4.5.2 Scenario / Context 
The current DSpace [6] codebase includes a ``History'' system. The history
system is invoked whenever events of archival interest occur within the
system (for example, when a community is created, an item's instance
metadata is edited, or the members of a collection are modified). The
history system produces RDF intended to model: 

``snapshots'' of the primary data objects within DSpace (e.g. communities,
collections, items, etc.) at various points in time; as well as 
the situations and temporal events that relate these snapshots. 
The graphs produced by the history system are serialized in RDF/XML, and
stored to the file system with simple indices to the serializations
maintained in the RDBMS. The history system is currently loosely based on
the ABC ontology from the Harmony project [16]. 
Constituents want Libraries to act as a long-term steward of assets, and
simultaneously demand support for community-specific metadata. In some cases
communities will contract with the library to maintain instances of their
community-specific schema(s). In other cases the community will provide
instances directly, and in still other an agent may provide and/or maintain
the instances. To be trusted, the steward must be able to retain and provide
non-repudiatable audit trails of how content and metadata (both library
``core'' metadata, and community-specific metadata) has been altered,
migrated, transformed, or augmented over time (``proof of transformation
path``, or ``data provenance``). The steward may need to undo and/or redo
part of the transformation path based on errors discovered, improved tools,
etc. Queries on the information regarding transformation paths across the
corpus can be expected in the process of optimally maintaining and
preserving the corpus. 

The history system includes two important functional capabilities: 

it models (and enables query upon) the temporal history of changes and
significant events within the archive. That is, it represents the archive as
a series of situations, separated by events, with the archive at a
particular state in each of the situations. 
it flexibly models the state of archived objects themselves, in any given
situation. 
Some questions: 

What schemas are required of all objects in the system for stewardship? 
Something like Harmony/ABC for modelling temporal events? 
Some sort of ``base ontology'' for any object for which stewardship /
preservation committments are made? Subclasses for various kinds of
preserved things (e.g. Collection, Community, Item, WebSiteItem,
CommunitySchema, etc.)? 
When a community-specific schema is used to accompany an item with
community-specific instance metadata, how does the history sytem model this
in the state of the item? 
How can questions be answered about how the policies associated with
managing a collection and/or validating the items within it have changed
over time? 
How can such journaling information assist in identifying items that require
attention, rework, or transformation? 

4.5.3 Actors 

``information owner'', within a community or collection 
preservation steward 
collection policy manager 

4.5.4 Use Cases 

interacting with communities regarding community-specific schemas and
instances 
OAIS & preservation-oriented use of the history data 
a service offering non-repudiatable proofs of the transformation path / data
provenance of an object 

4.5.4.1 Modelling Community-Specific Schemas 
A community representative approaches the library and proposes a new
collection C of DSpace items, which the library establishes. 
Sample Query When was collection C established? Sample Query Which
collections were established in 2004? 

The community begins to submit new items to this community. 

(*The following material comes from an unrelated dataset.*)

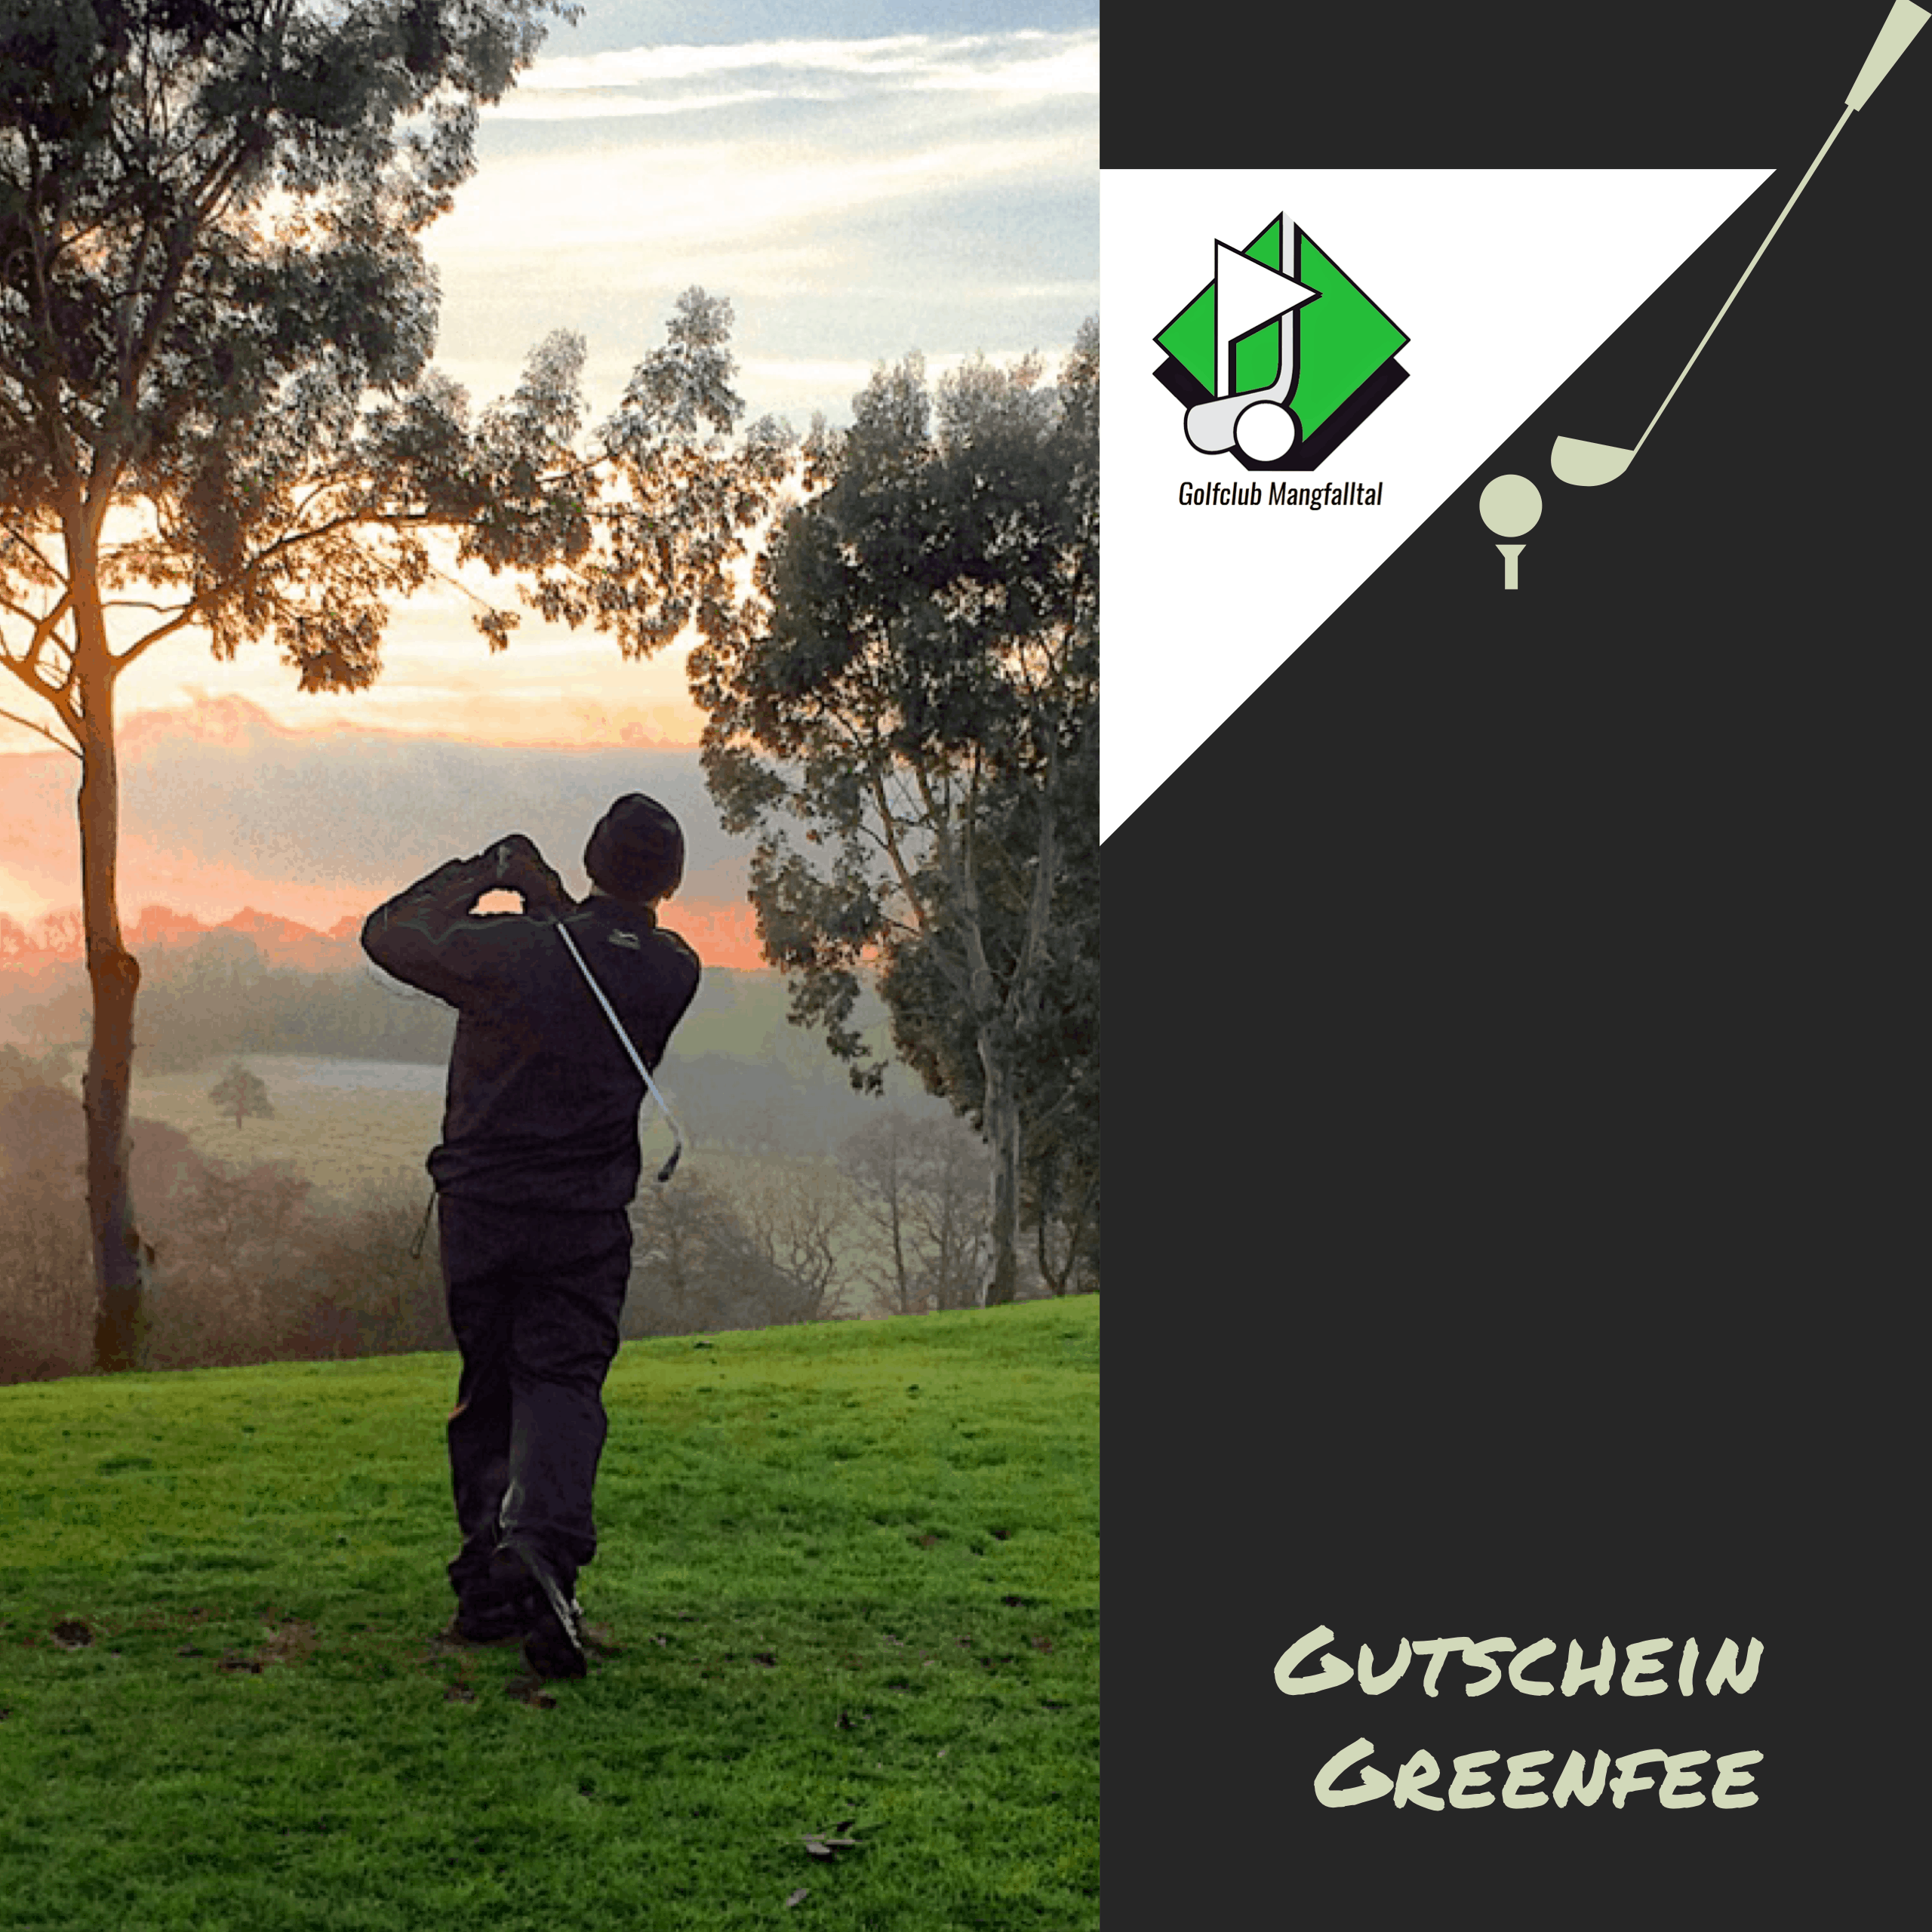 Golfanlage Mangfalltal – Gutschein Greenfee – Early Morning oder Afterwork – LOKAGO

Eventually the community develops and begins to consistently use schema S to
describe their works. Someone from the community registers S with the
library, and some members begin to include instances of S with their
submissions to C. 
The history system models the registration of S, and the use of S with items
submitted to C that are accompanied by an instance of S. 

Sample Query: When was schema S registered? Sample Query: Who registered S?
Sample Query: for some item I which includes an instance of S, return a
graph representing the instance of S... Sample Query: for some item I which
includes an instance of S, return a graph modelling the series of changes to
the instance, with reference to each state of the instance. 

At some point the community decides to require that each item submitted to
collection C include an instance of S. 
Sample Query: How many items were submitted to C in the last year? How many
of these items included instances of S? 

Sample Query: When did collection C begin requiring instances of S upon
submission? 

Sample Query: Return a graph modelling the series of changes to collection
C's submission policies... 

Sample Query: Which items in C were submitted before S was registered?
Sample Query: Which items in C were submitted after S was registered, before
the collection required instances of S, and have S metadata? 

A new tool T is introduced that greatly increases the quality of produced S
instances by using technology assist to extract information from a work and
suggest appropriate values to the user. Community C begins to use this tool
on future submissions. 
Sample Query:When did C begin using T in preparing its items? Sample
Query:Which items in C have S metadata that were not prepared using T? Which
of these were submitted after C began requiring instances of S? 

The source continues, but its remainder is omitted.